Dataset records Start Marker

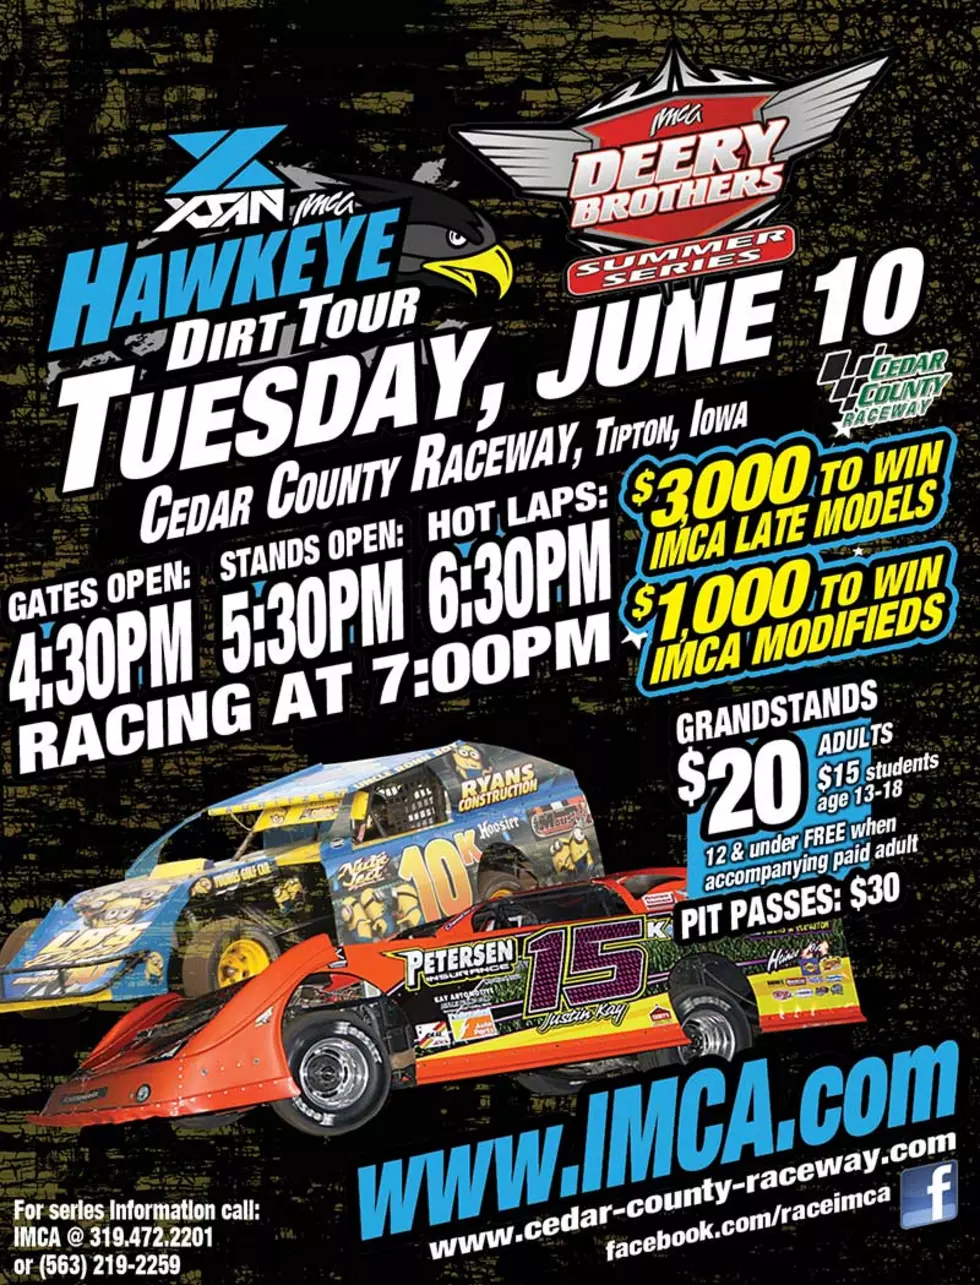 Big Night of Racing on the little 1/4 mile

Dataset records End Marker
Dataset records Start Marker

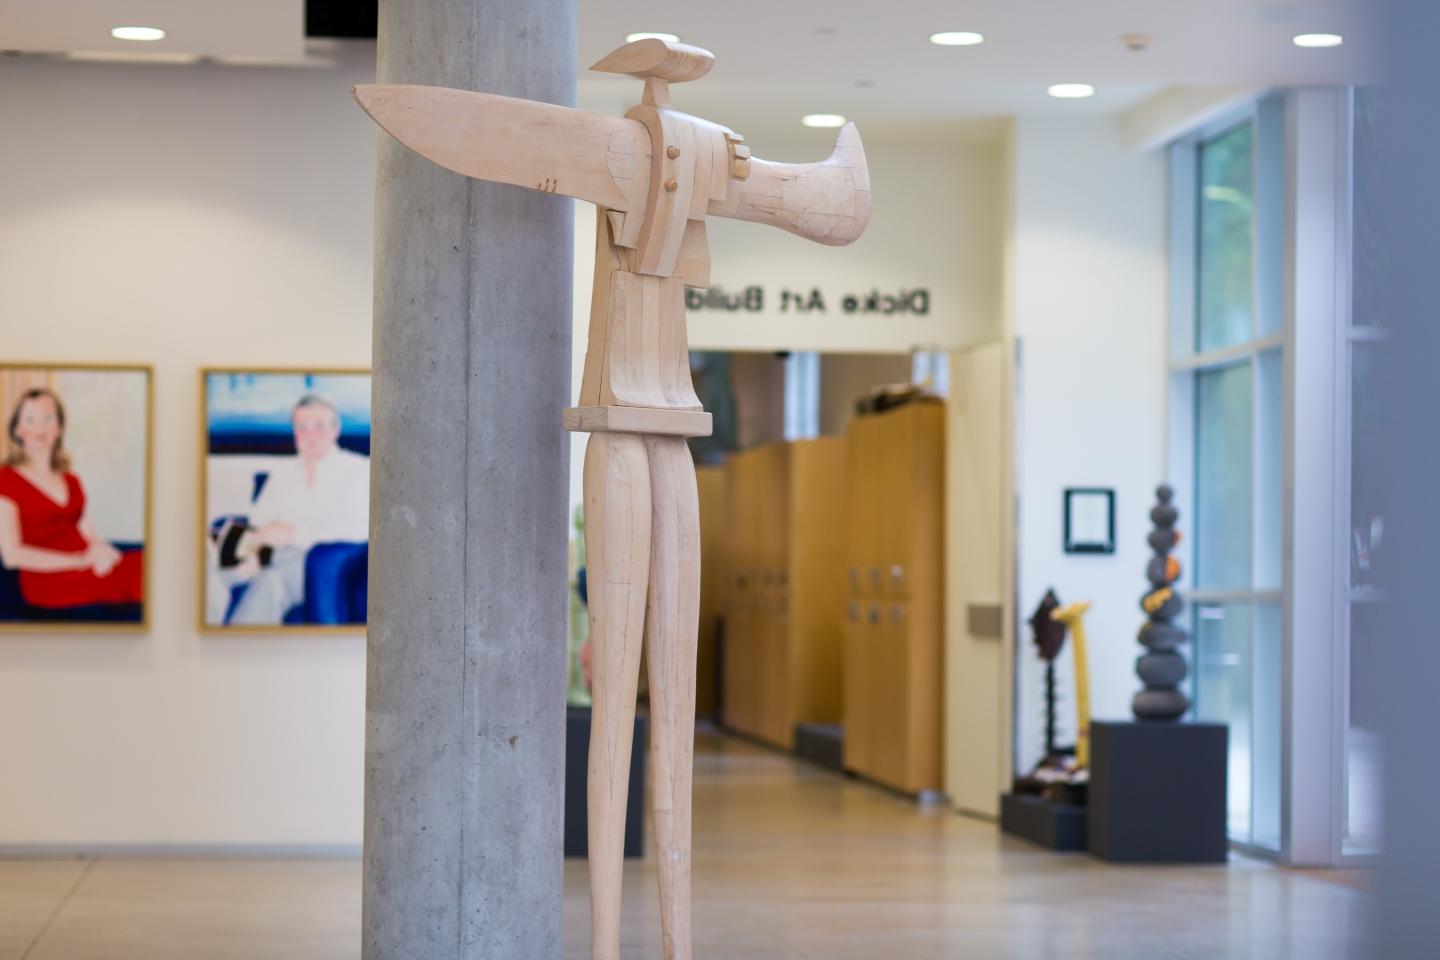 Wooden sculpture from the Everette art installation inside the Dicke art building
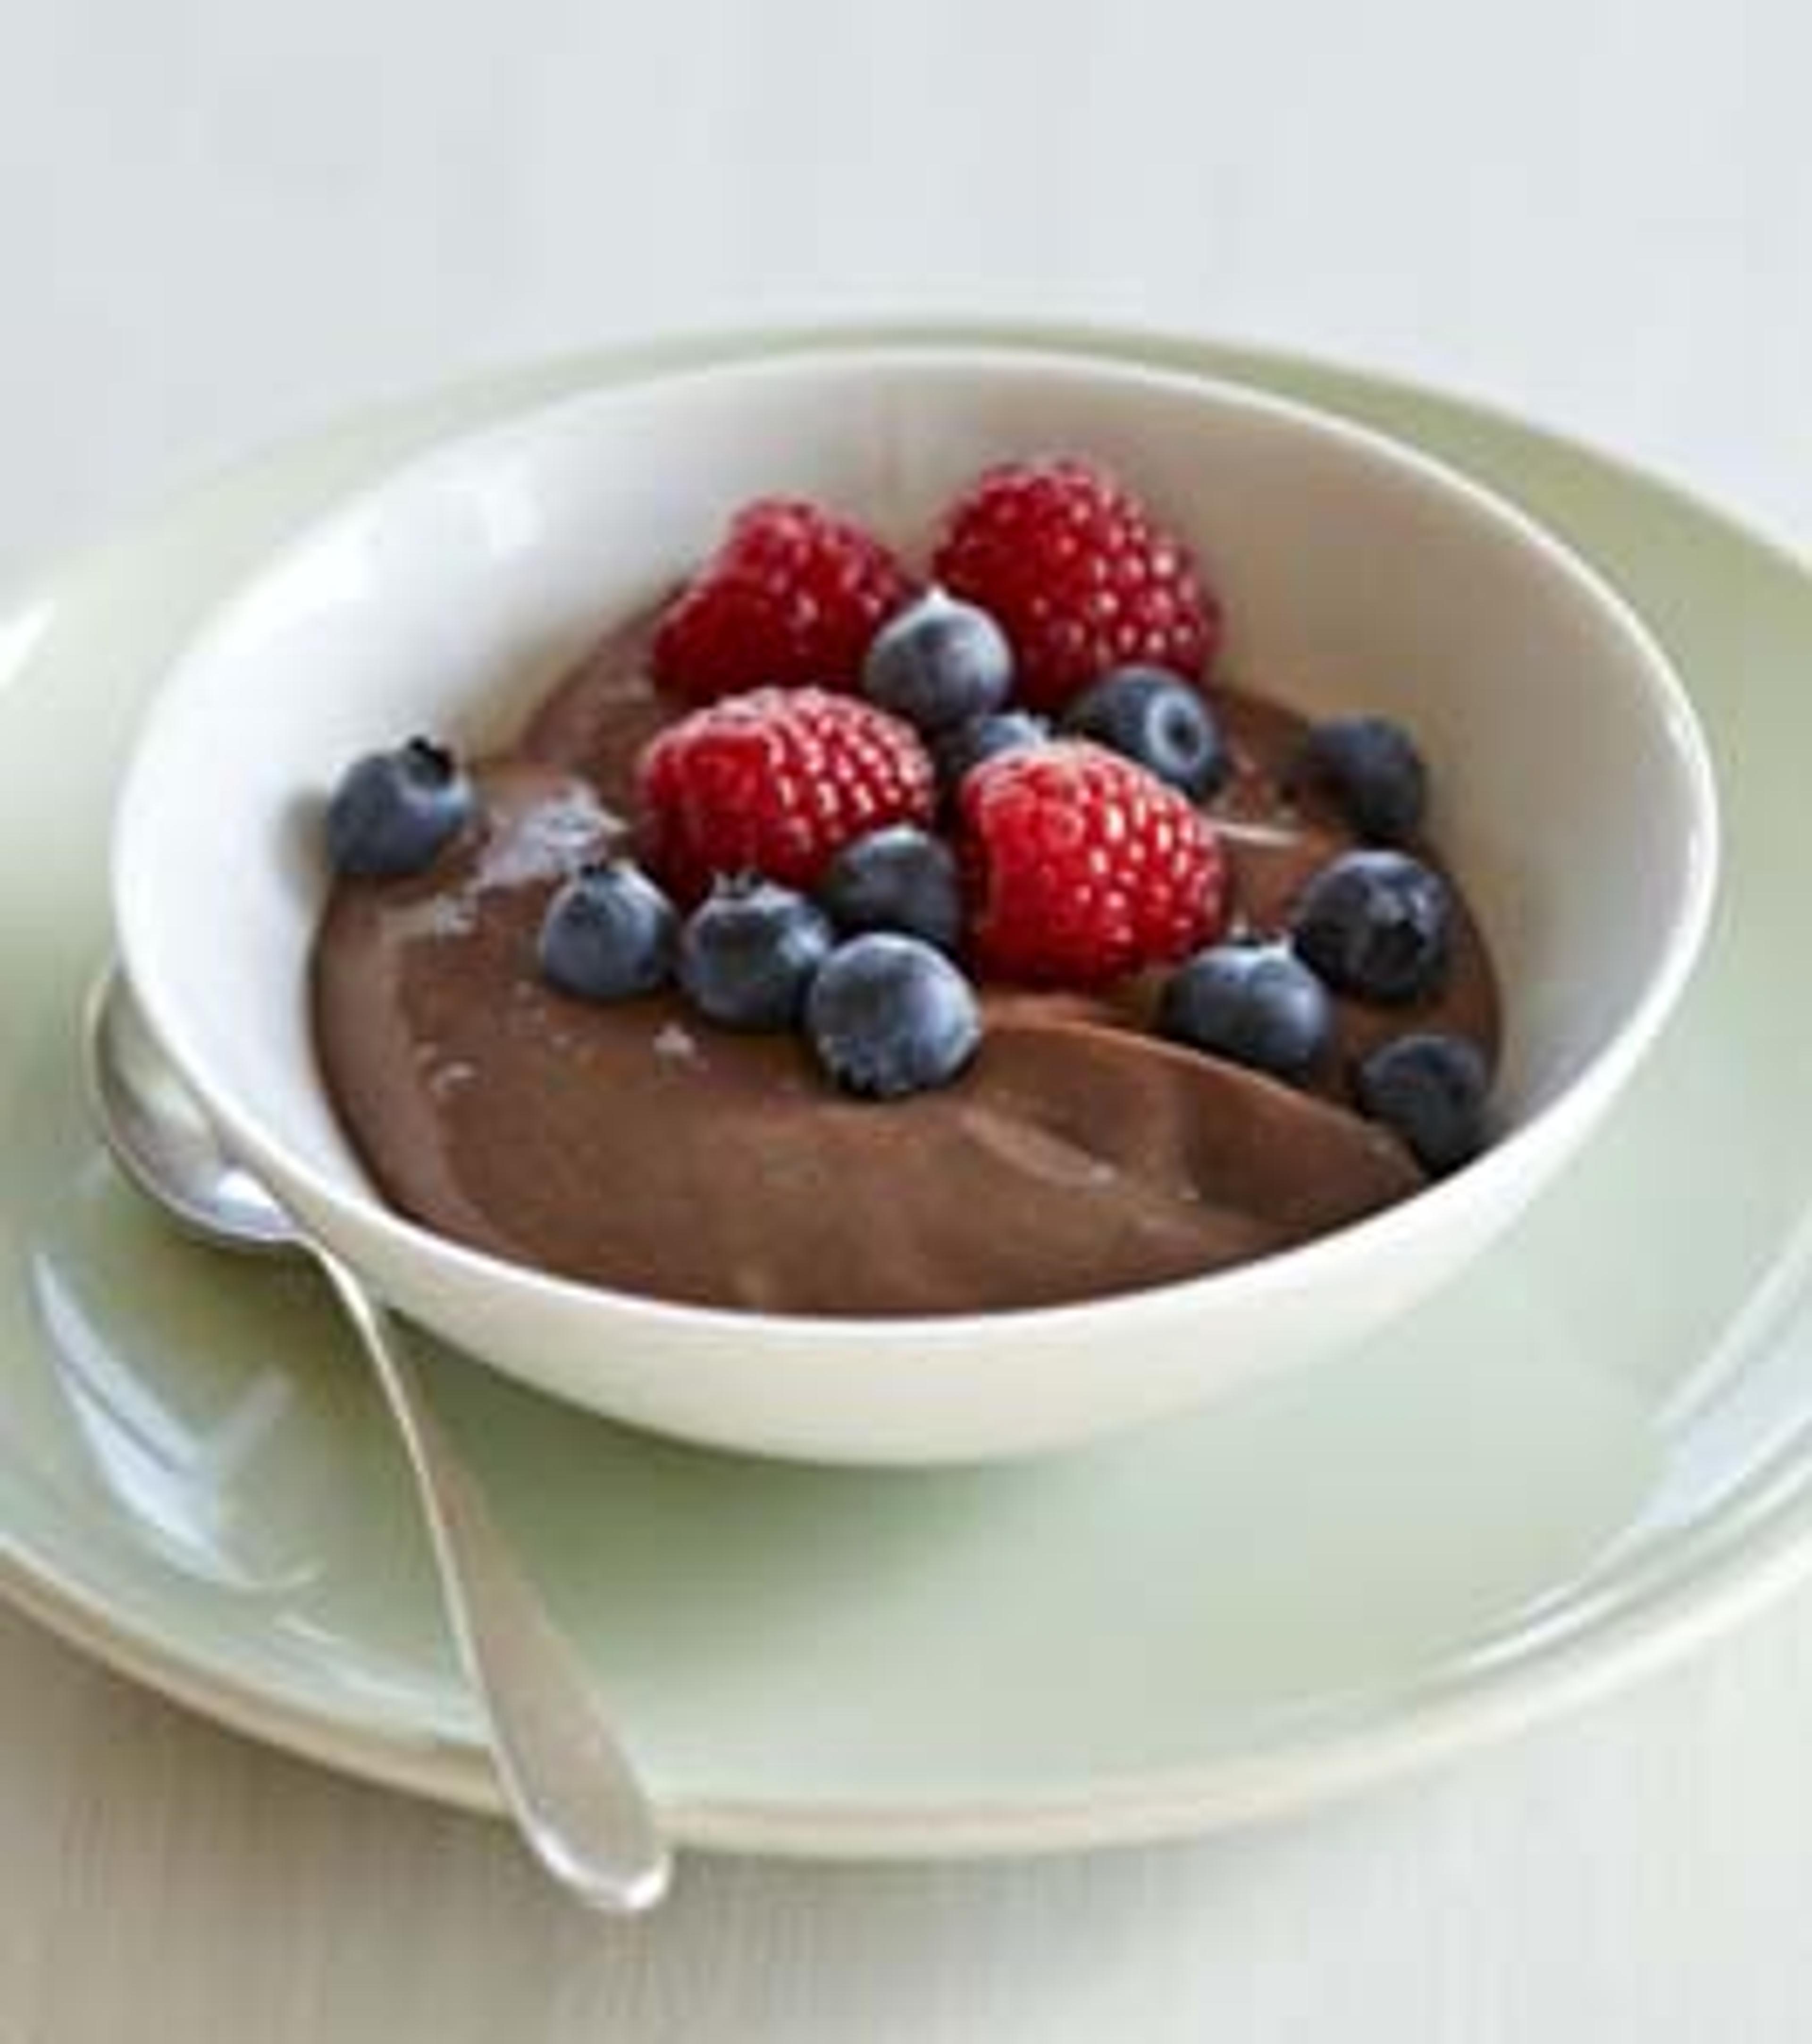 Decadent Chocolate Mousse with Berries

Dataset records End Marker
Dataset records Start Marker

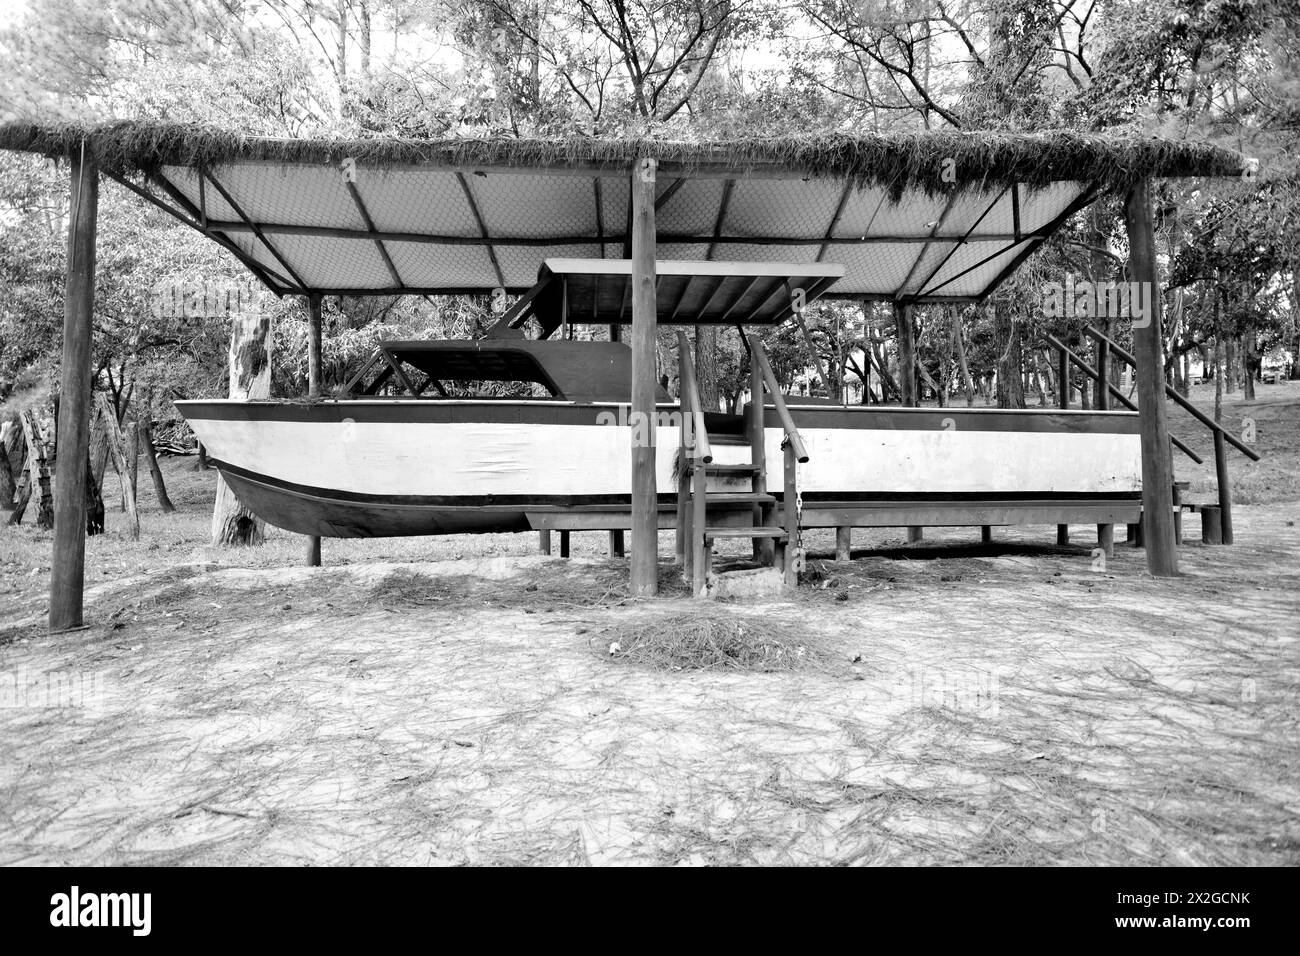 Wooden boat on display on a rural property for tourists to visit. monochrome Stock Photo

Dataset records End Marker

Try it
Leaving out all pictures, set down exactly the lines of the material above, from the line with "Wooden sculpture from" to the line with "Decadent Chocolate Mousse with Berries" inclusive, and no others.

Reply to the task
 Wooden sculpture from the Everette art installation inside the Dicke art building
 Decadent Chocolate Mousse with Berries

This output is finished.